Somehow we knew it was a jest, but we were outraged all the same.
"No, you can't do that," we protested.
"He shouldn't have all that hair on his face," Father said. "He looks unkempt."
"He's not unkempt," my little brother declared. "You can't cut his beard. He wouldn't be Santa without a beard."
"Well, he'd better be careful I don't catch him" Father added. He cast an ominous glance at the brick fireplace where a merry fire crackled in festive warmth, as we added the last silver icicles to the Christmas tree.
The next day was Christmas. After church, but before we sat down to our turkey dinner, we heard the jingle of bells on our front porch and a resounding "Ho! Ho! Ho!" Father opened the door and who should walk in but a jolly giant of a man in a red suit and a long snowy beard!
"Merry Christmas!" he boomed, laughing and smiling, and handing us bags of Christmas candy from his big shoulder sack. When he had done the rounds, Father offered him a glass of Christmas cheer.
(It was years before we discovered that our Santa was the famous Winnipeg actor, George Waite, who moonlighted as Public Relations Officer in my father's bank.)
But that day he was Santa, and when he relaxed into an easy chair to toast the season with the other adults, my little brother and I seized the opportunity to challenge Father on his teasing.
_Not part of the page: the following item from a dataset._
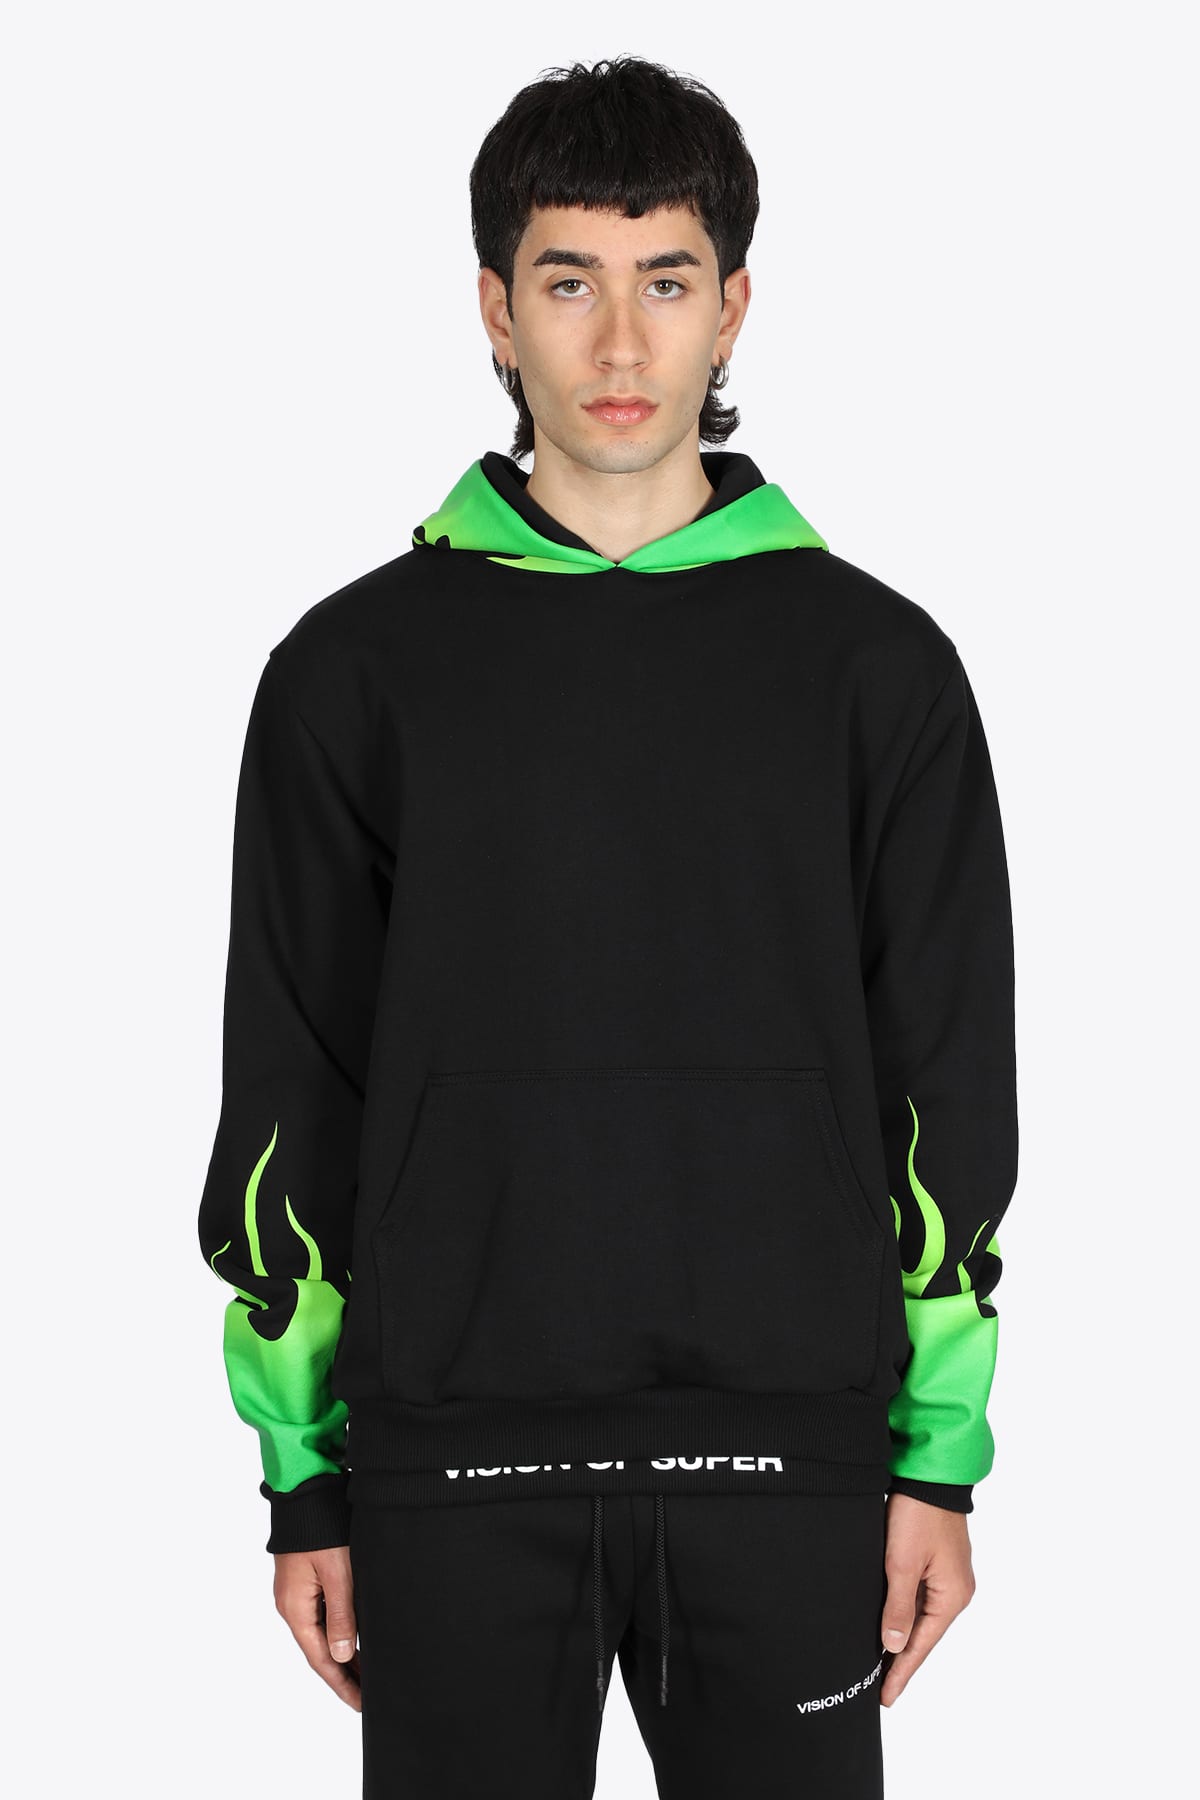 Vision of Super Vos/b2greensfu Cotton Black cotton hoodie with green flames

"You said you were going to cut off Santa's beard," we said.
Father smiled and shook his head, but we were relentless. Finally he acquiesced and led Santa to the kitchen. We crowded around and watched with horror as he removed scissors from the drawer. Slowly he lifted the great white beard in one hand, and proceeded to shear off a single inch with the other.
"That's enough!" my brother and I screamed together.
And it was enough.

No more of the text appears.